We also make two architectural improvements:
- ElastiCache replaces the manual Redis EC2 — instead of managing our own Redis installation on an EC2 instance, we use AWS ElastiCache, a managed Redis service. This simplifies the architecture and removes the need for a NAT Gateway (ElastiCache handles its own availability).
- Multi-AZ subnets — each service now spans 3 Availability Zones, so if an entire AZ goes down, the ASG can recreate the instance in another AZ.
- Elastic IP re-association via IAM — when an ASG replaces an instance, the new instance gets a fresh IP. To keep the same public IP, each instance uses an IAM role to call
aws ec2 associate-addressat boot time, re-attaching the pre-existing Elastic IP to itself.

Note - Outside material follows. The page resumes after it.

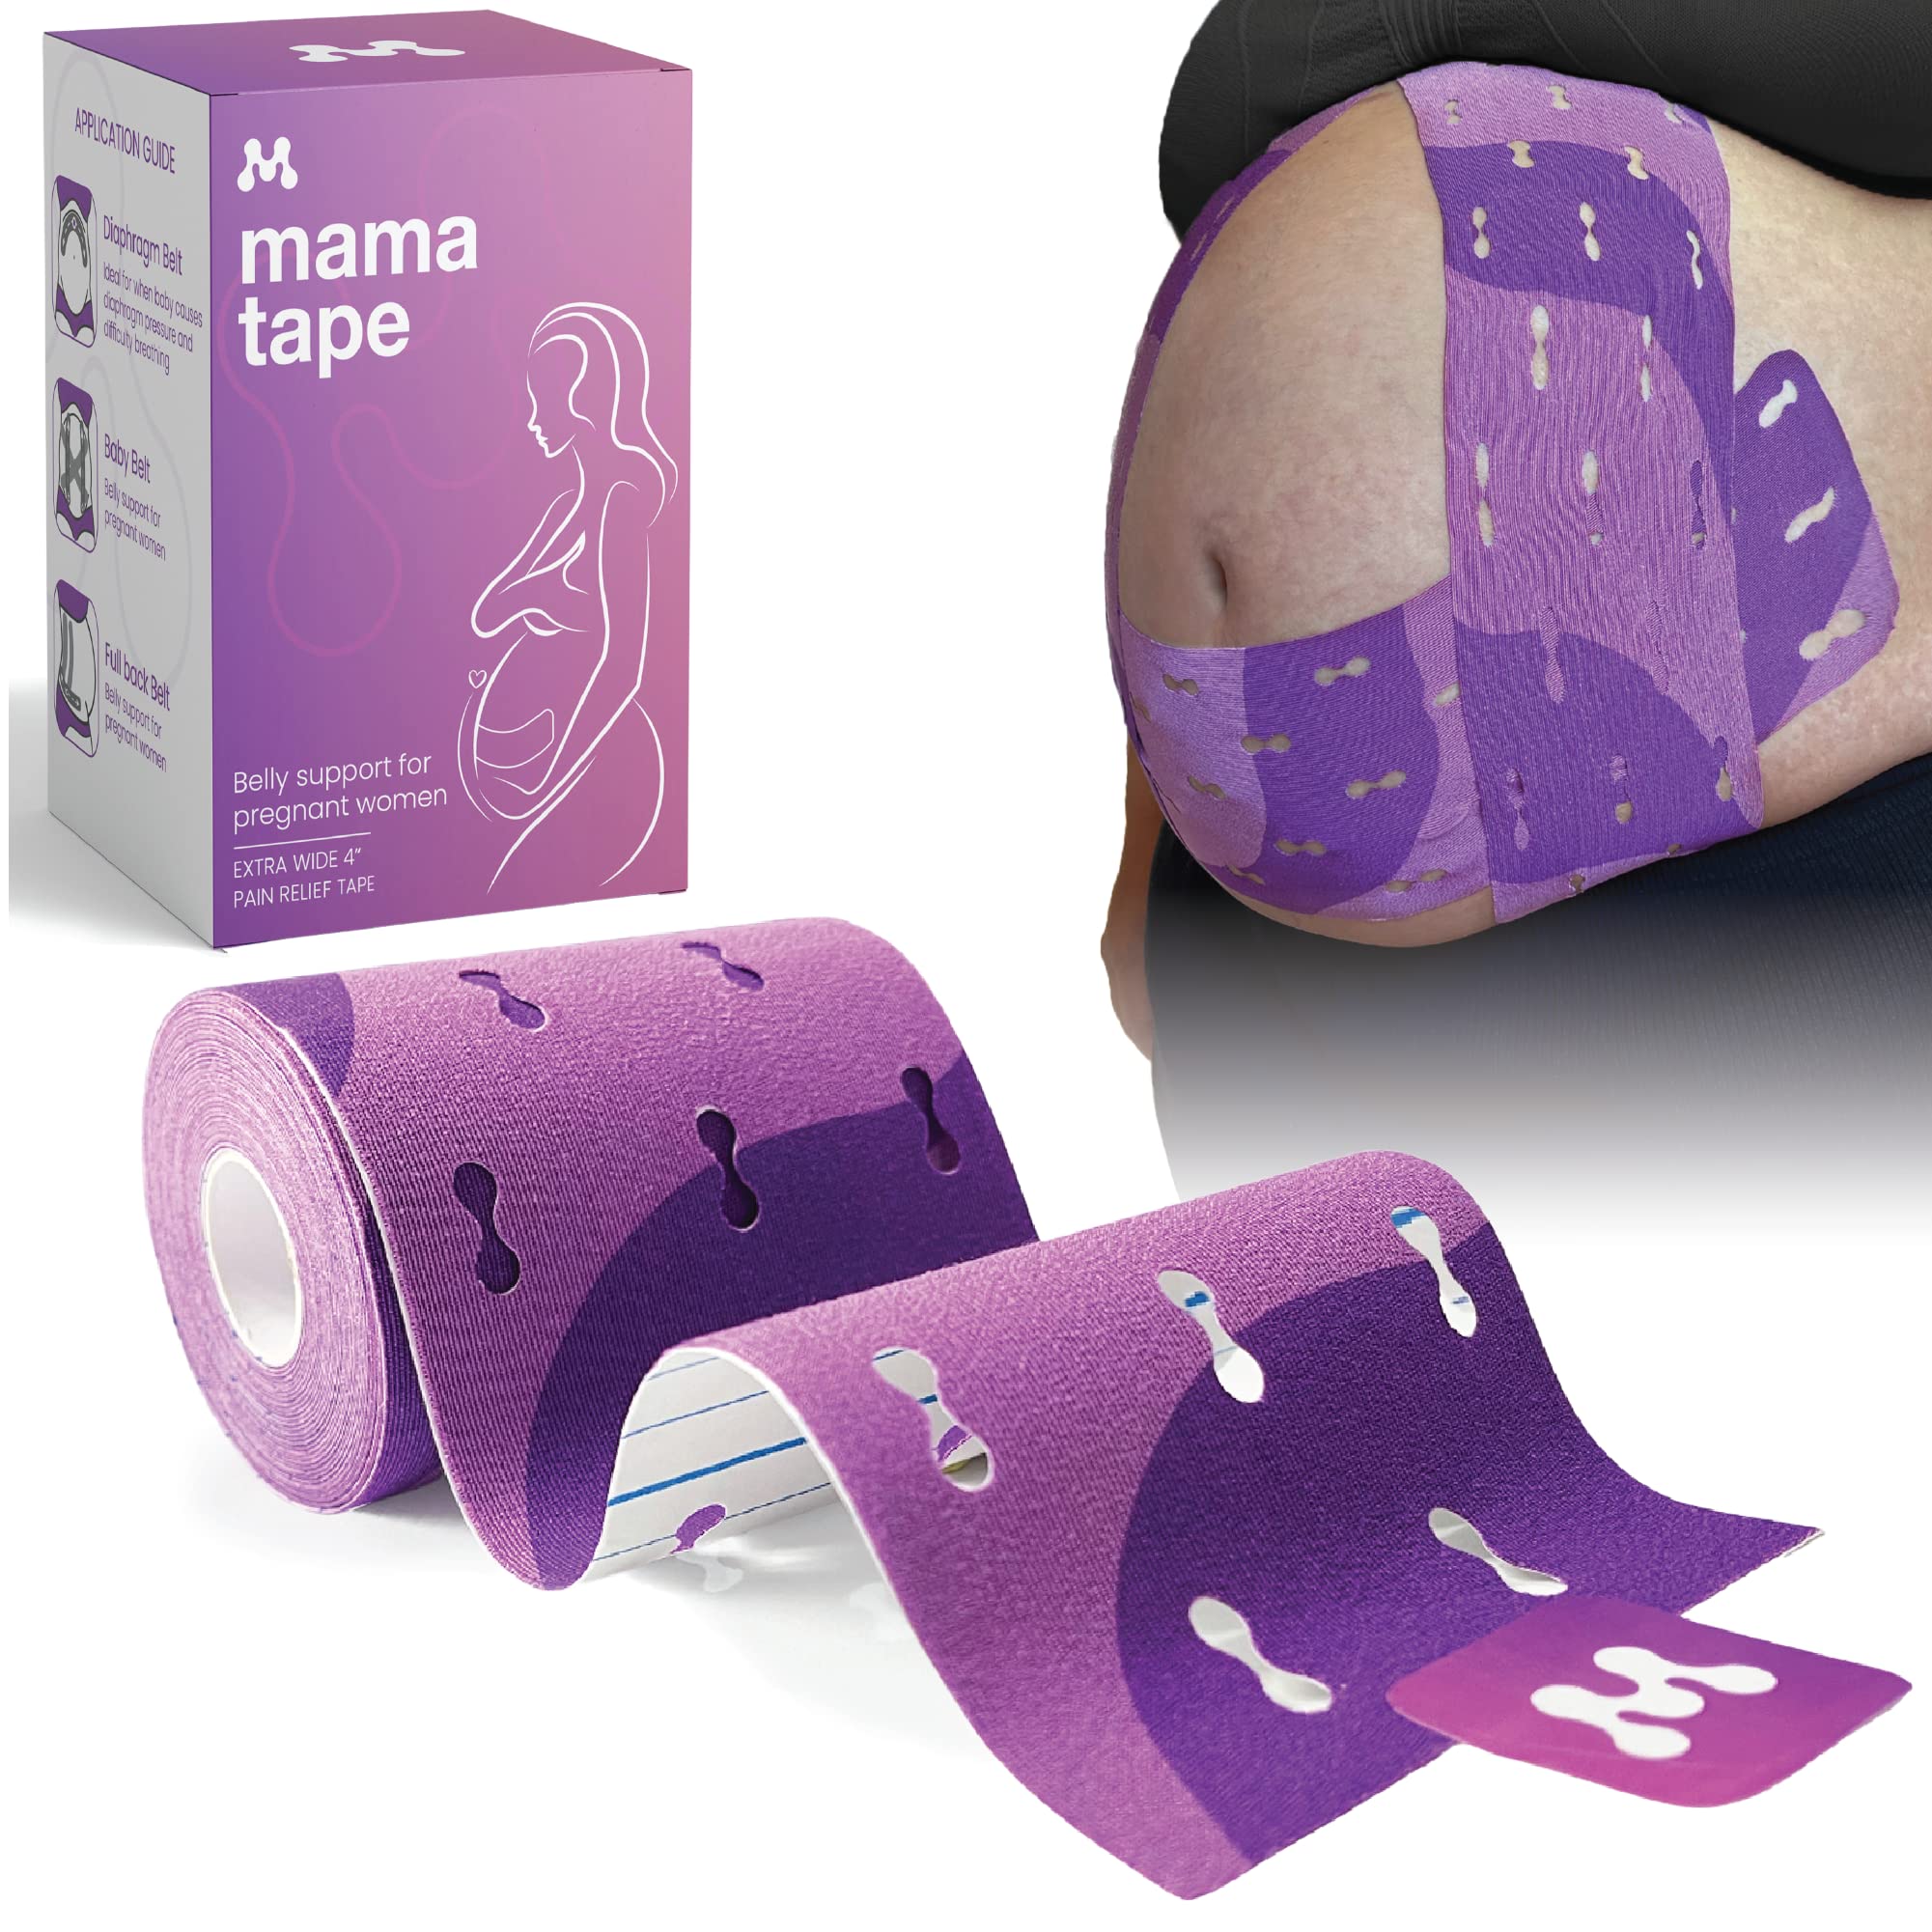  Customer reviews: Pregnancy Spider Tape, Full Belly Support, Relieves Stomach Tension, Kinesiology Tape, Drug and Latex Free, Reduce  Pain & Correct Posture

The full source code is available on my GitHub repository.
Architecture overview
graph TB
Internet((Internet))
You[Your IP]
subgraph VPC[VPC 10.0.0.0/16]
IGW[Internet Gateway]
subgraph BastionSubs["Public Subnets Bastion - 3 AZs"]

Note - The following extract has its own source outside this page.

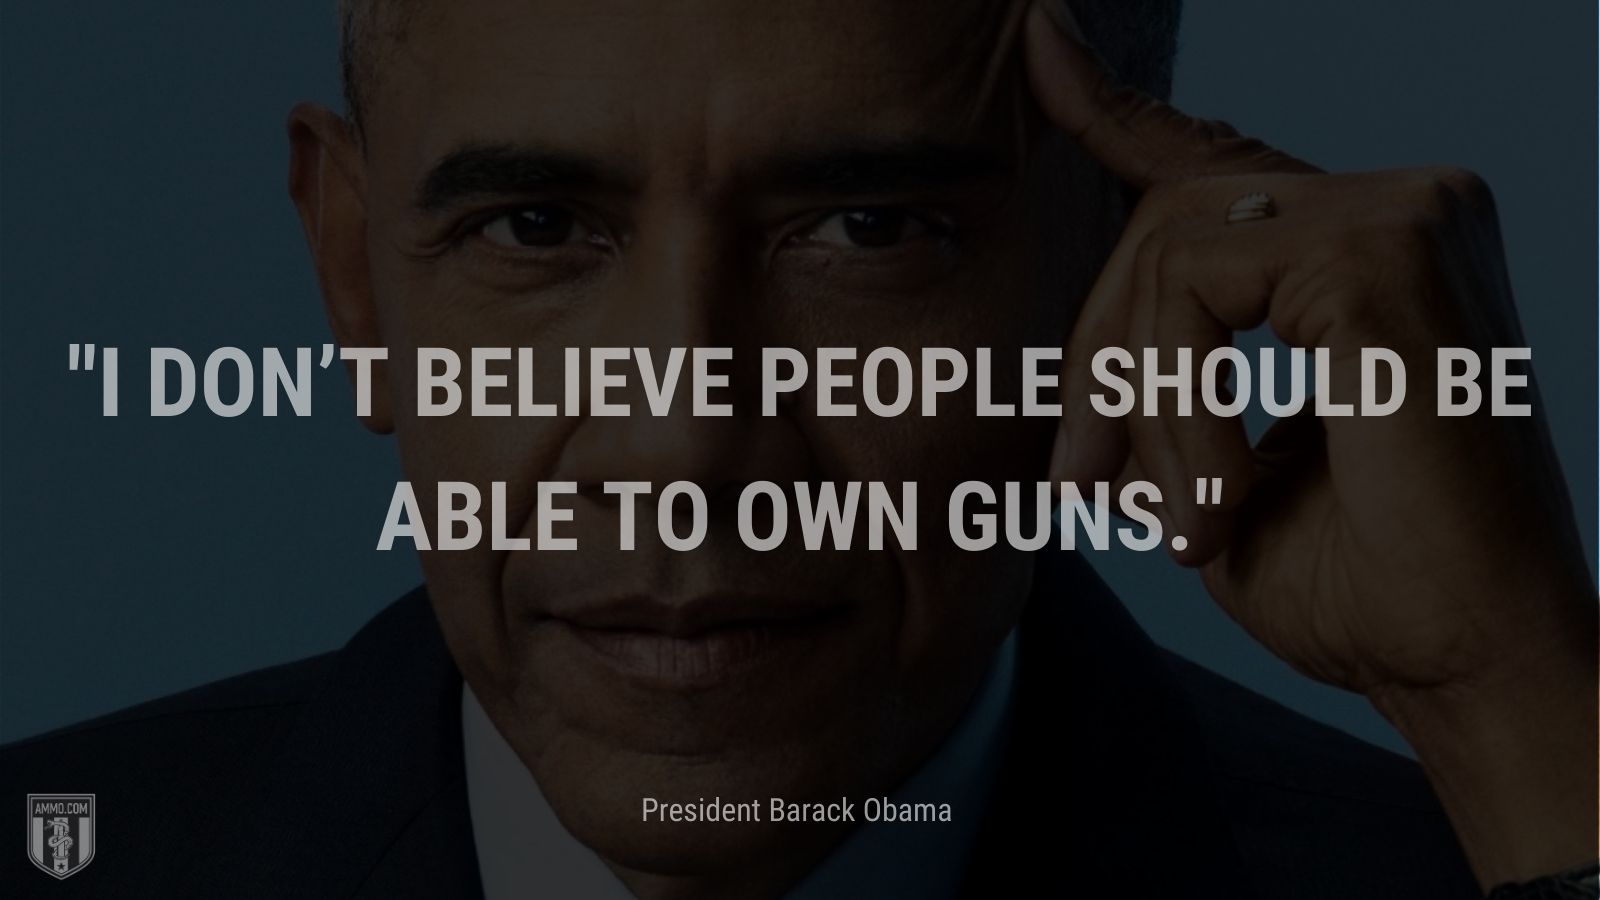 “I don’t believe people should be able to own guns.” -President Barack Obama

BastionCIDR["10.0.0.0/24 | 10.0.1.0/24 | 10.0.2.0/24"]
ASGBastion["ASG min:1 max:1 --> Bastion EC2"]
end
subgraph WebSubs["Public Subnets Web - 3 AZs"]
WebCIDR["10.0.3.0/24 | 10.0.4.0/24 | 10.0.5.0/24"]
ASGWeb["ASG min:1 max:1 --> Webserver EC2 :8000"]
end
subgraph RedisSubs["Private Subnets Redis - 3 AZs"]
RedisCIDR["10.0.6.0/24 | 10.0.7.0/24 | 10.0.8.0/24"]
REDIS["ElastiCache Redis :6379"]
end
end
You -- "SSH :22" --> IGW
IGW -- "SSH :22" --> ASGBastion
ASGBastion -. "SSH :22" .-> ASGWeb
Internet -- "HTTP :8000" --> IGW
IGW -- "HTTP :8000" --> ASGWeb
ASGWeb -- "Redis :6379" --> REDIS
style BastionCIDR fill:#ffd,stroke:#cc0,color:#333
style WebCIDR fill:#ffd,stroke:#cc0,color:#333
style RedisCIDR fill:#ffd,stroke:#cc0,color:#333
What changed from tutorial 05
From manual Redis to ElastiCache
In the previous tutorials, we installed Redis manually on an EC2 instance in a private subnet, which required a NAT Gateway for package updates. Now we use AWS ElastiCache, a fully managed Redis service. This eliminates the need for the NAT Gateway entirely and removes one EC2 instance to manage.
The ElastiCache cluster is deployed across 3 private subnets (one per AZ) and protected by the same database security group — only the webserver can connect on port 6379:
resource "aws_elasticache_subnet_group" "redis" {
name = "subnet-redis-${var.env}"
subnet_ids = data.terraform_remote_state.network.outputs.subnet_private_redis_id[*]
}
resource "aws_elasticache_cluster" "redis" {
cluster_id = "cluster-redis"
engine = "redis"
node_type = var.instance_type
num_cache_nodes = 1
parameter_group_name = "default.redis6.x"
engine_version = "6.x"
port = 6379
subnet_group_name = aws_elasticache_subnet_group.redis.name
security_group_ids = [data.terraform_remote_state.network.outputs.sg_database_id]
}
Since ElastiCache is a managed service, there is no SSH access, no user-data script, no OS to update — AWS handles all of that. The Redis connection from the webserver uses the ElastiCache endpoint instead of a private IP, and no password is needed (ElastiCache handles authentication differently in its default configuration).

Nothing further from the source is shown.